Understanding Glasgow - The Glasgow Indicators Project
Understanding Glasgow -
www.understandingglasgow.com - is an accessible new web resource that aims to inform a wide audience about the health and wellbeing of Glasgow’s residents. It is part of a partnership project looking at indicators of progress in Glasgow (the Glasgow Indicators Project) that includes some of the main public agencies in the city.

Understanding Glasgow is a new and innovative endeavour for Glasgow, unparalleled in other UK cities. It is a resource not just for organisations in the city but for the people of Glasgow. Inspired by similar undertakings in London and Boston – the Boston indicators project - Understanding Glasgow and the Glasgow Indicators Project builds upon previous profiling and research by the Glasgow Centre for Population Health. The Understanding Glasgow website updates many of these analyses and makes health related information about Glasgow accessible to a much wider audience than ever before.
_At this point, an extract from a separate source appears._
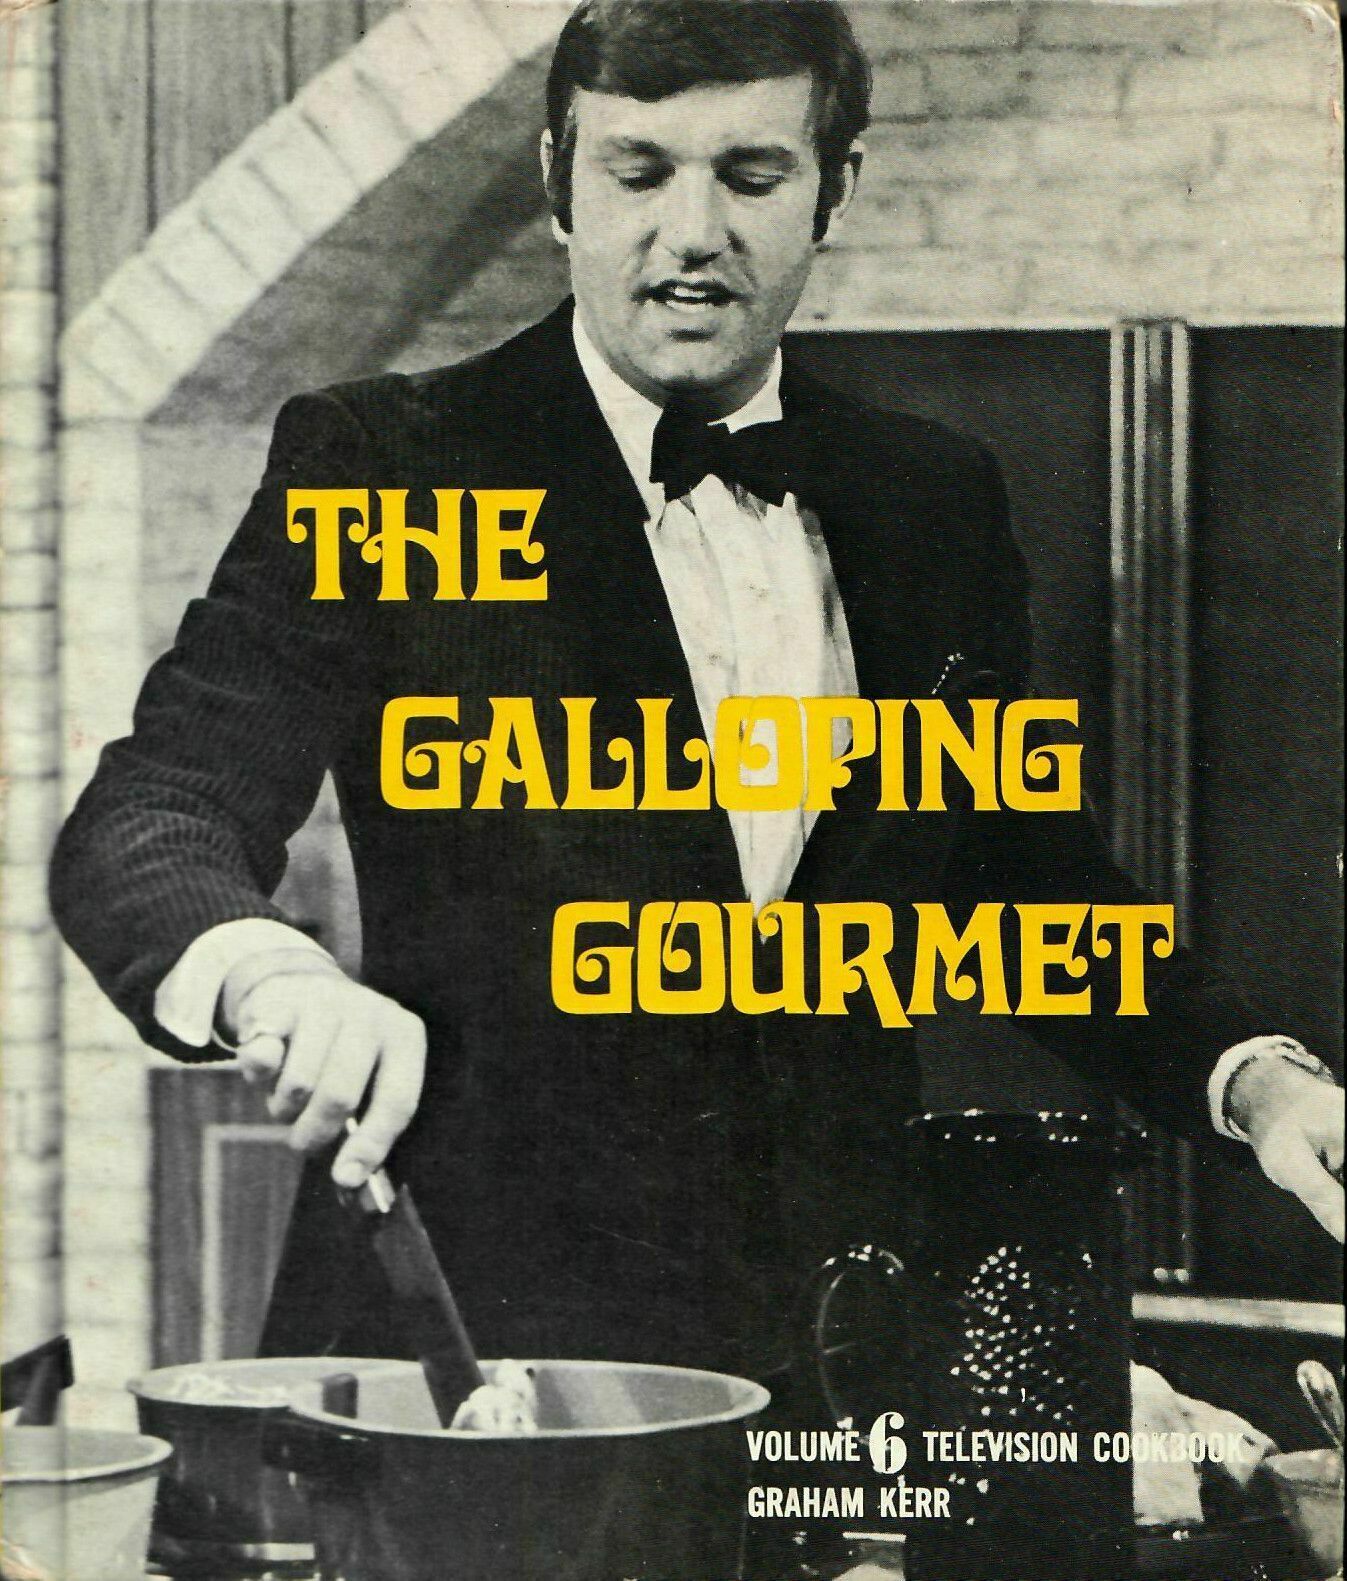 格雷厄姆·克爾（Graham Kerr，1934年1月22日－）是一位英國烹飪名人，因其1968年12月30日至1972年9月14日播出的電視烹飪節目《世界料理秀》而聞名。
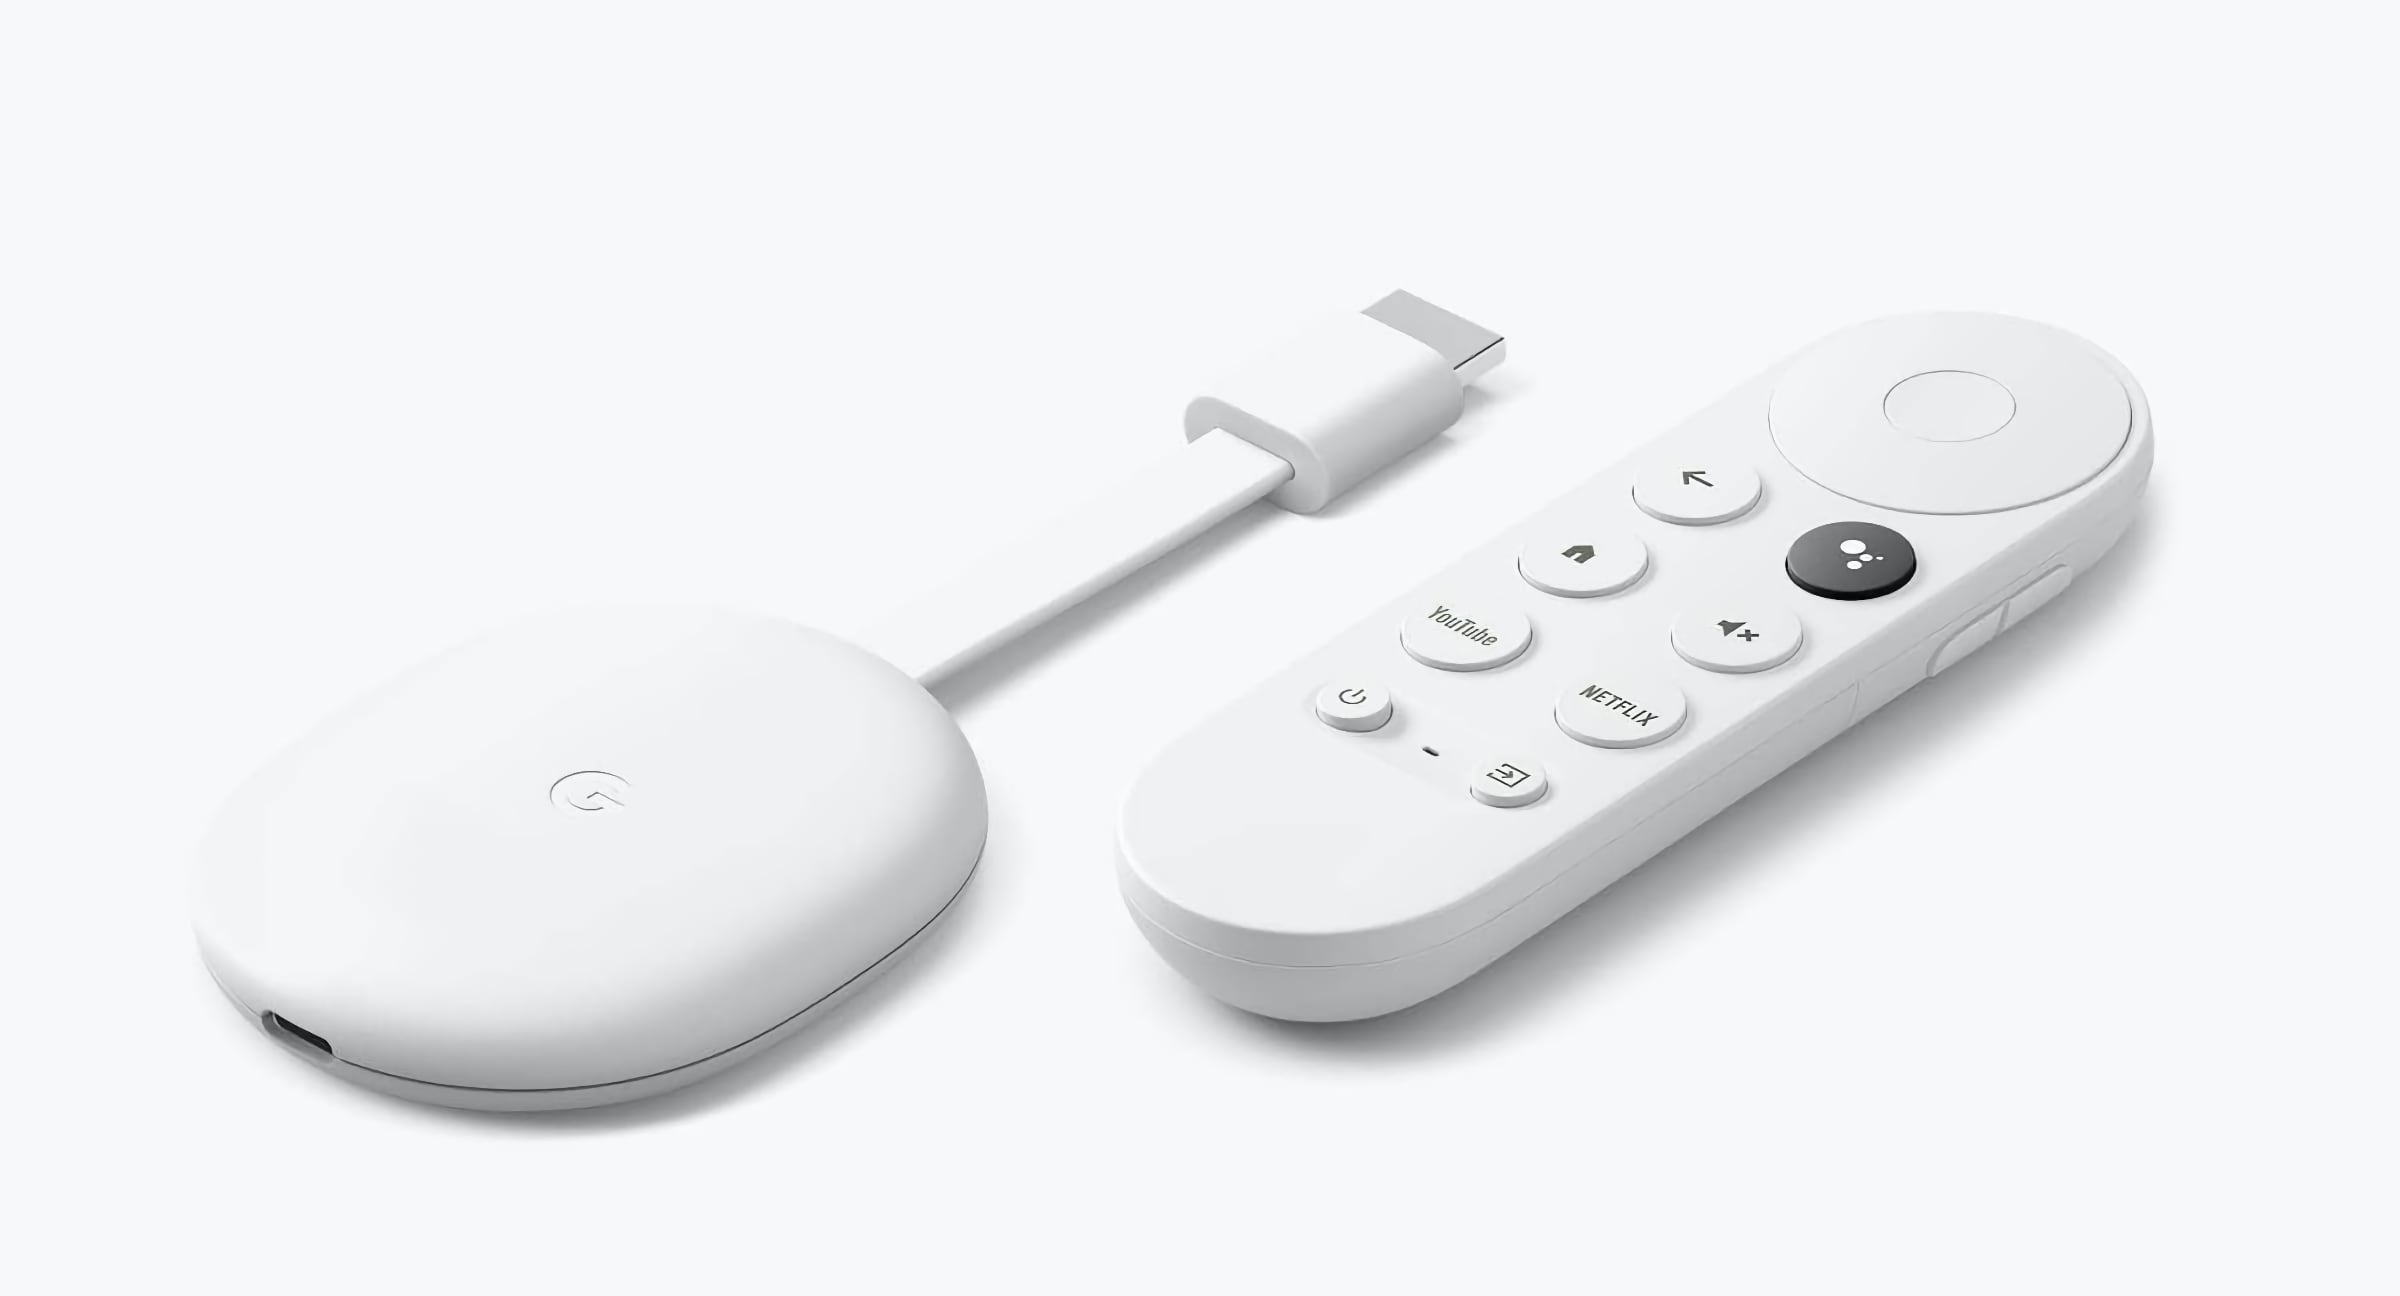 Przystawka Google Chromecast w znakomitej promocji. Rozrywka na dowolnym TV za grosze

The guiding principles behind developing these Glasgow Indicators were: a basket of indicators, rather than one index, representing a dynamic interlinked view of the city; a focus on themes that are clear priorities for the city; provision of a strategic overview; trends to be monitored over time; monitoring of inequality, or difference, within the city; and comparisons to be made to other comparator UK cities and to European cities where possible
The 12 domain model, informed by various population health models, including the International Futures Forum (IFF) ‘World Model’, has been designed to enable connections to be made across different domains and to foster new insights. Understanding Glasgow aims to inspire and promote civic dialogue and new thinking about the multi-faceted and cross-cutting issues facing Glasgow in the early years of the 21st century and beyond.
The site and the indicators will be developed over time and will track emergent themes as the city evolves and changes. Future additions will include a set of children’s indicators as well as comparisons to other European cities.